» Task goal
Return the listing below exactly as it stands. Pictures stay out.

» Data extract
- Opening Delimiter -

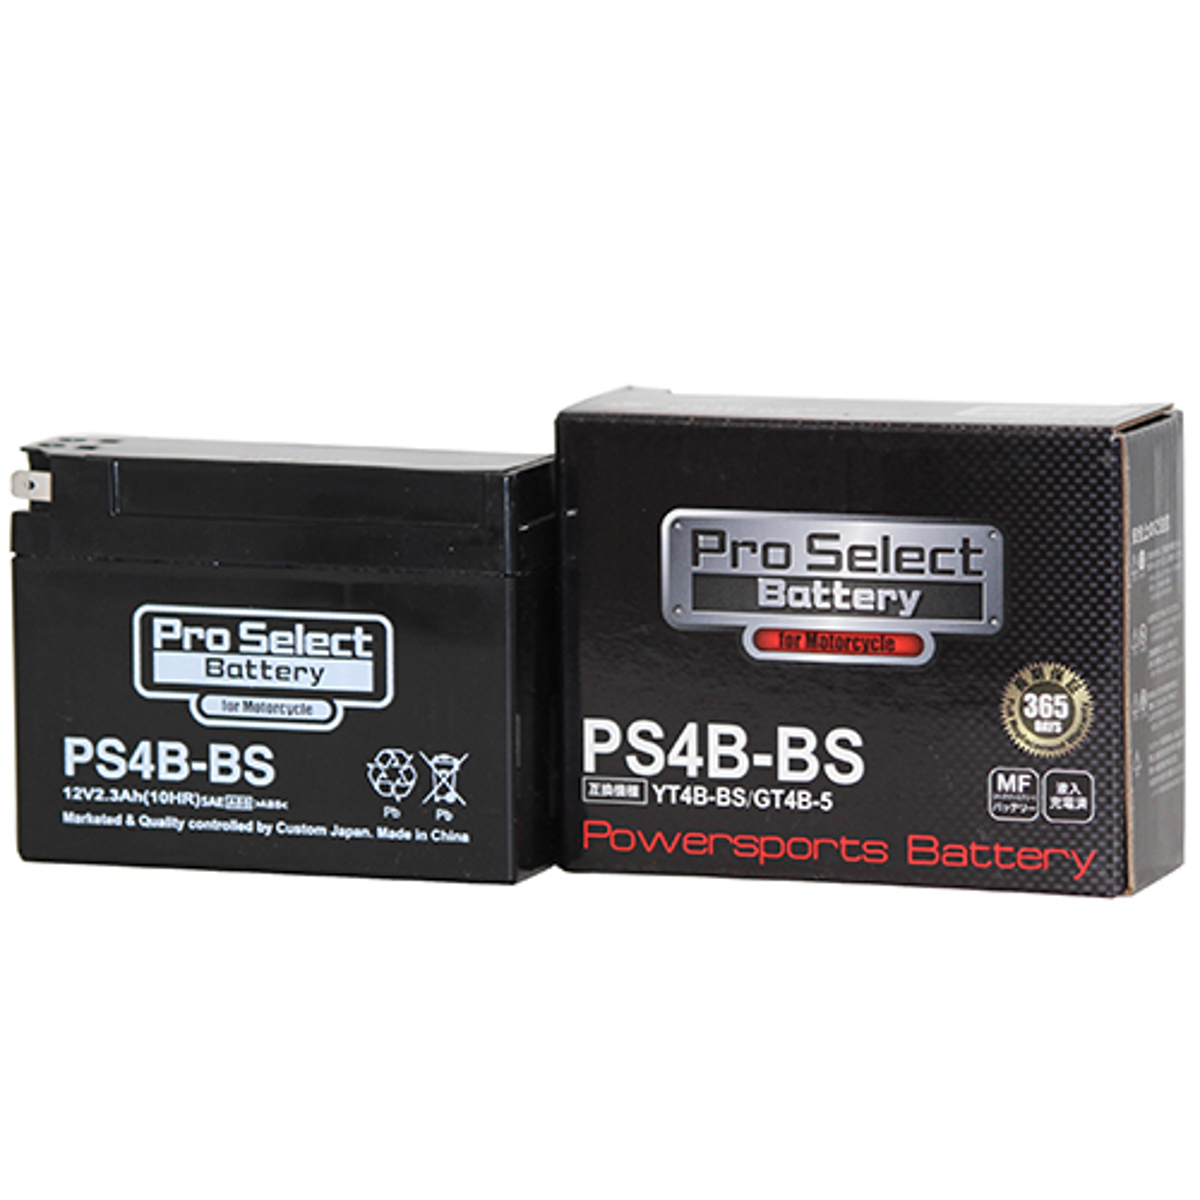 【1個売り】PS4B-BS (YT4B-BS、GT4B-5 互換)(液入充電済)
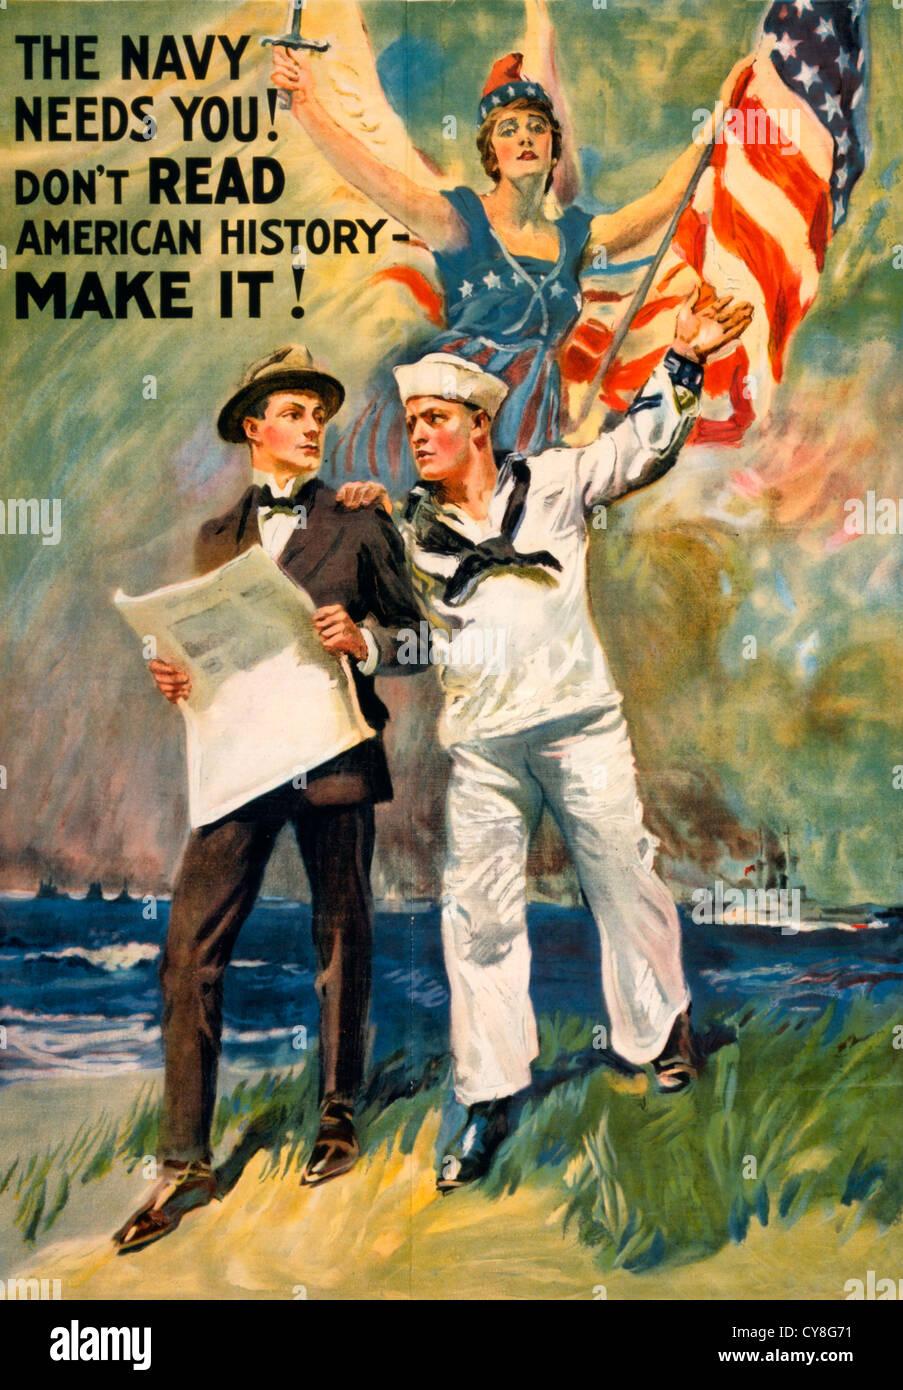 La Marina te necesita! No lea la historia americana - make it! WWI Póster que muestra un marinero teniendo Imagen De Stock
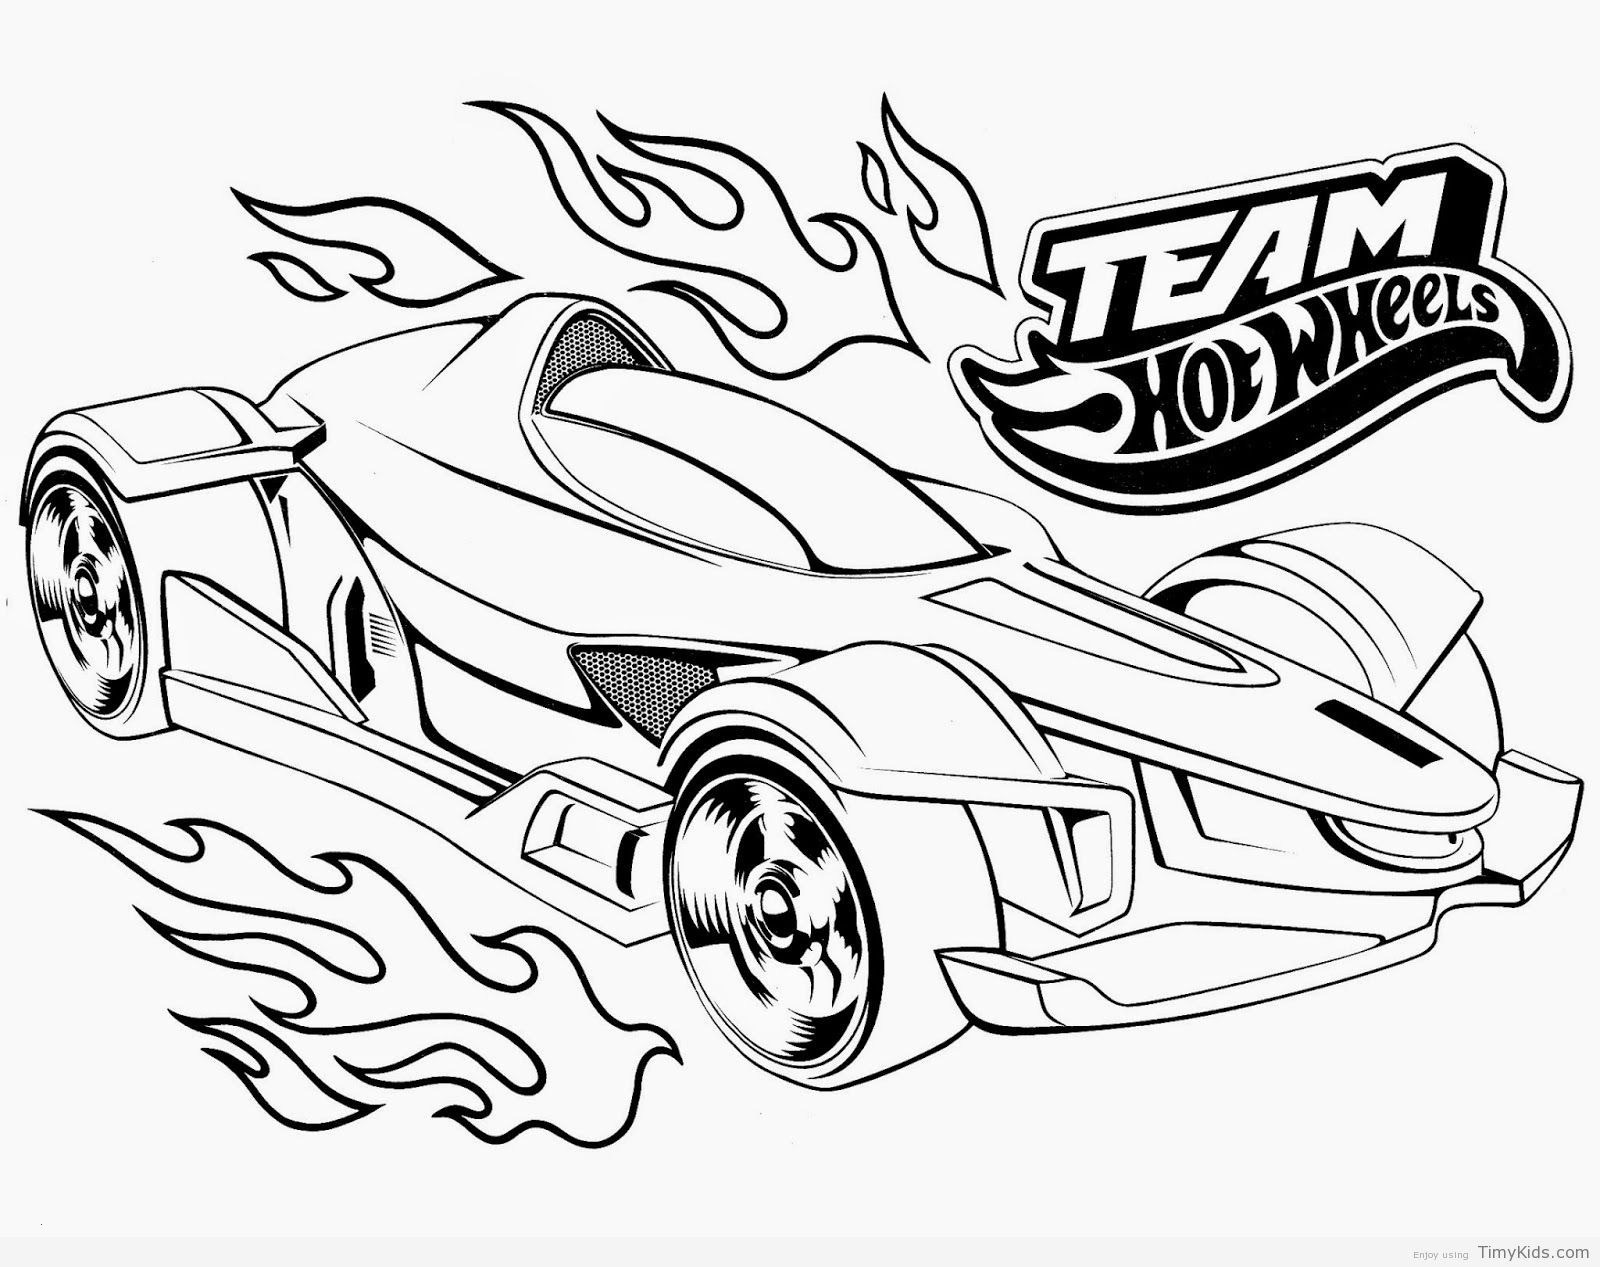 Malvorlage Lightning Mcqueen Inspirierend Awesome Colouring Disney Cars Genial Cars Ausmalbilder Lightning Stock
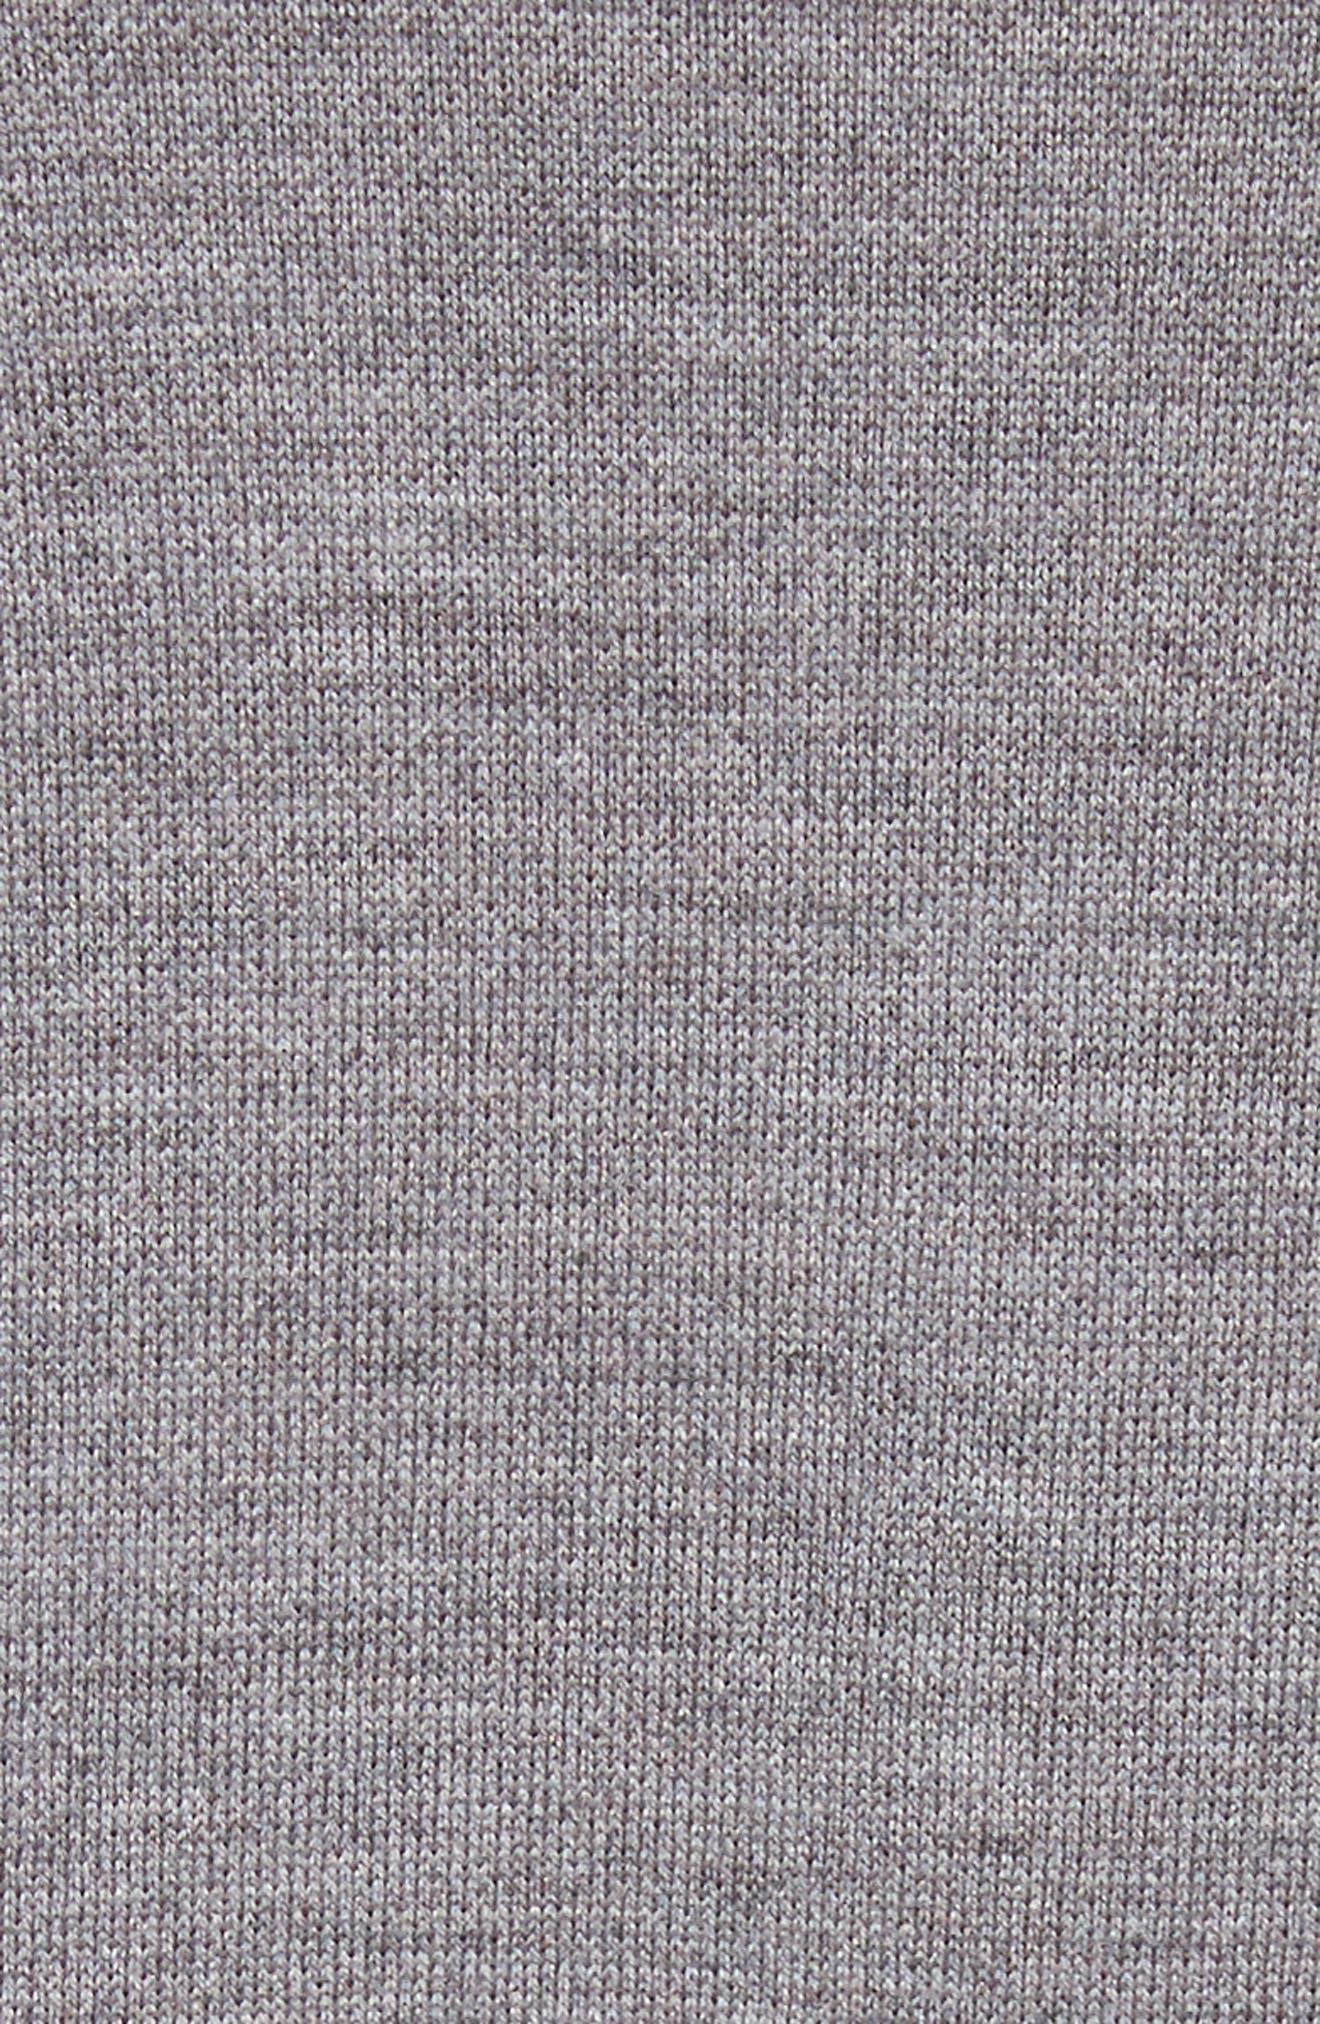 Alternate Image 5  - rag & bone Saralyn Merino Wool Blend Sweater Dress

- Closing Delimiter -

» Your solution
 【1個売り】PS4B-BS (YT4B-BS、GT4B-5 互換)(液入充電済)
 La Marina te necesita! No lea la historia americana - make it! WWI Póster que muestra un marinero teniendo Imagen De Stock
 Malvorlage Lightning Mcqueen Inspirierend Awesome Colouring Disney Cars Genial Cars Ausmalbilder Lightning Stock
 Alternate Image 5  - rag & bone Saralyn Merino Wool Blend Sweater Dress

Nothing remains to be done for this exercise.